Hey, who did this to you?
What happened next turned the story into a political firestorm.
Reports have identified the victim as Bob Lee, the founder of Cash App.
From Bloomberg Podcasts, this is Foundering, the Killing of Bob Lee, beginning April 16.
Welcome to the TechMeme Ride Home for Thursday, April 11th, 2019. I'm Brian McCullough today. Yes, there are people listening in on some of your Alexa recordings, but it's complicated. Jeff Bezos challenges competitors to pay their workers more. The third big unicorn IPO of the year happened today and a rundown of noteworthy recent startup raises. Here's what you missed today in the world of tech. Bloomberg has a piece up that describes
Alexa's AI training process, whereby actual human workers transcribe voice clips generated by echo devices.
Those workers can apparently see customer account numbers related to the echo devices and the audio they're
transcribing and hear private conversations. Quoting Bloomberg, Amazon employs thousands of people
around the world to help improve the Alexa digital assistant powering its line of echo speakers.
The team listens to voice recordings captured in Echo Owners' homes and offices.
The recordings are transcribed, annotated, and then fed back into the software as a part of an effort to eliminate gaps in Alexa's understanding of human speech and help it better respond to commands.
The Alexa voice review process described by seven people who have worked on the program highlights the often overlooked human role in training software algorithms.
In marketing materials, Amazon says Alexa, quote, lives in the cloud and is always getting smart.
But like many software tools built to learn from experience, humans are doing some of the teaching, end quote.
So Alexa allows Amazon contract employees to listen in on what you're saying in your home.
That's kind of the long and short of it, and that's sort of a scary elevator pitch headline generated the expected level of outrage on Twitter and elsewhere online.

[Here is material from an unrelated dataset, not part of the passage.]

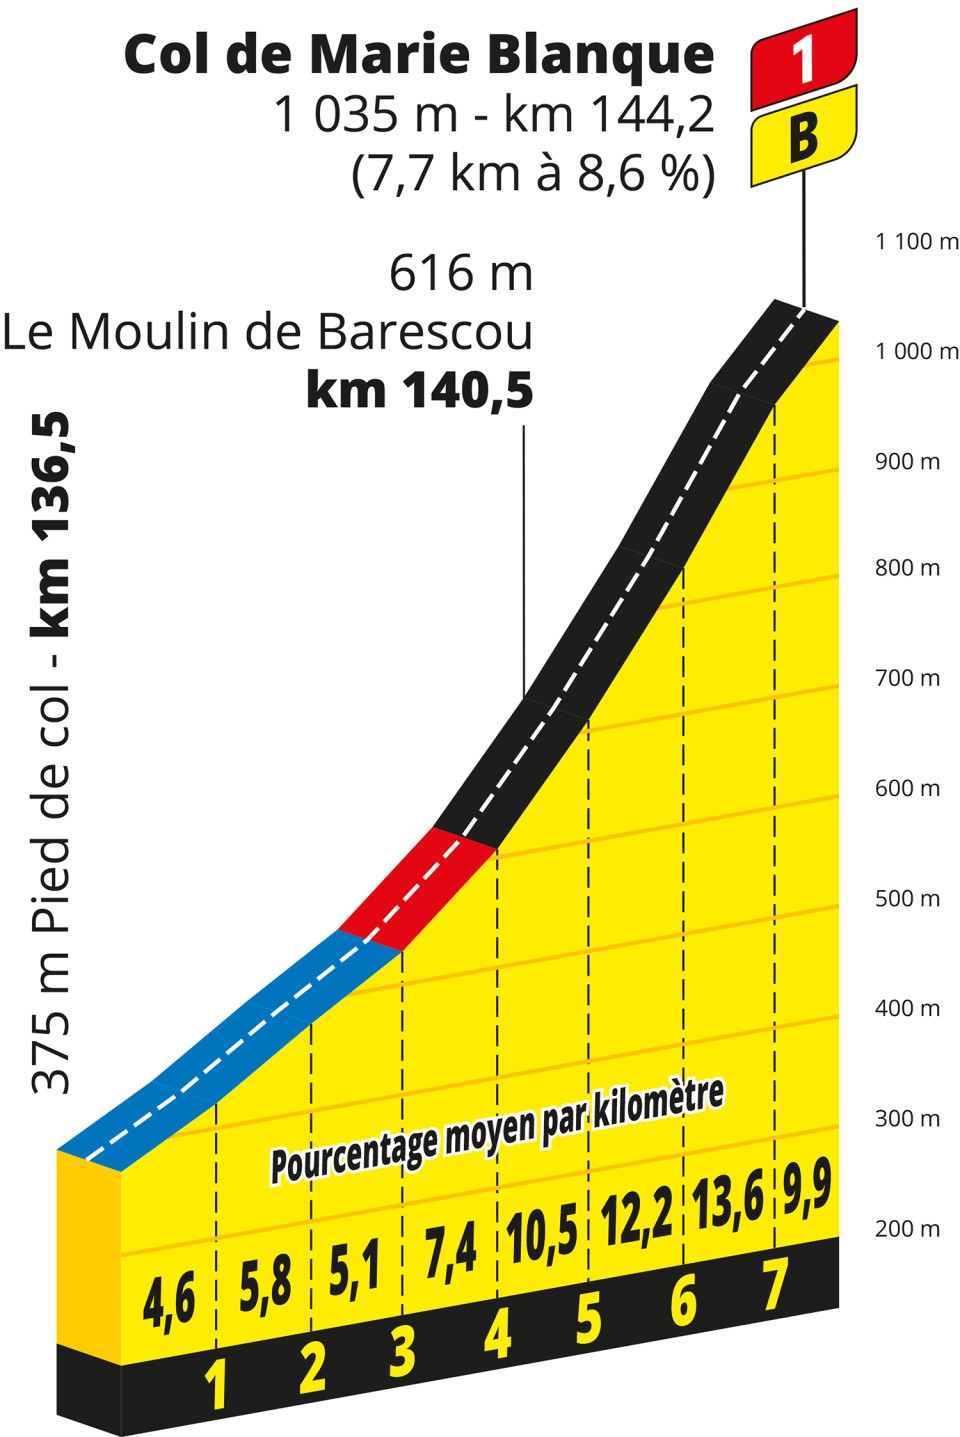 Col de Marie Blanc on stage five of the 2023 Tour de France

However, and I'm not trying to be a contrarian here, should anyone be surprised by this?
As Ben Thompson pointed out in his Stretechory note this morning, nine paragraphs into the story on Bloomberg, there is this.
Quote, we have strict technical and operational safeguards and have a zero tolerance policy for the abuse of our system.
Employees do not have direct access to information that can identify the person or account as part of this workflow.
All information is treated with high confidentiality, and we use multi-factor authentication to restrict access, service encryption, and audits of our control environment to protect it, end quote.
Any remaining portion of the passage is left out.